Kim also said that South Korean and U.S. troops have upgraded their surveillance alert against the North by a notch to the second-highest level to Watchcon-2 from Watchcon-3. He promised to bolster firepower on the five northernmost islands, including deploying more K-9 self-propelled Howitzers onto Yeonpyeong.

Lawmakers lambasted the defense chief, claiming that South Korea's response to the shelling came too late and too weak. South Korea returned fire, shooting about 80 rounds toward coastal artillery bases in North Korea, only 13 minutes after coming under attack.

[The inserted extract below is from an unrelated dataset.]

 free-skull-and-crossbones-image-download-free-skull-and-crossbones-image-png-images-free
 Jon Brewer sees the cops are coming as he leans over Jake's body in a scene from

Kim pledged to revise the code of engagement to ensure that the country gives at least twice as strong a response when under attack. The minister also said, however, that the government took into consideration the possibility of the clash escalating into a full-scale war.

Later Wednesday, the foreign ministry planned to brief all chief foreign envoys stationed in Seoul on the North's attack. But officials gave a measured response to the possibility of bringing the case to the U.N. Security Council for punishment of the communist nation.

"We haven't set our position on that yet," a foreign ministry official said of the possibility of a U.N. referral, speaking on the condition of anonymity. "I think we have to do some calculations of the cost and benefit of that before making our position."

The attitude reflects concern that it would be difficult to win support from China and Russia for a strong Council action against the North. The two countries are among the five veto-wielding permanent members of the council and have closer ties with North Korea than any other major nations.

Beijing and Moscow also refused to back Seoul's efforts to condemn North Korea for the March sinking of a South Korean warship, which killed 46 sailors.

South Korean stocks and the local currency opened sharply lower on Wednesday morning, but were paring losses later in the day. Financial authorities reassured investors that the geopolitical risk may only have a limited impact on the local financial sector due to the country's solid economic conditions.

"Unless the event further worsens, the impact will be only temporary given similar incidents in the past," the finance ministry said after holding an emergency economic policy meeting early in the morning with officials from the central bank and financial regulators.

South Korea will inject more liquidity into the market to counter excessive herd behavior, the ministry said after an emergency meeting of economic officials.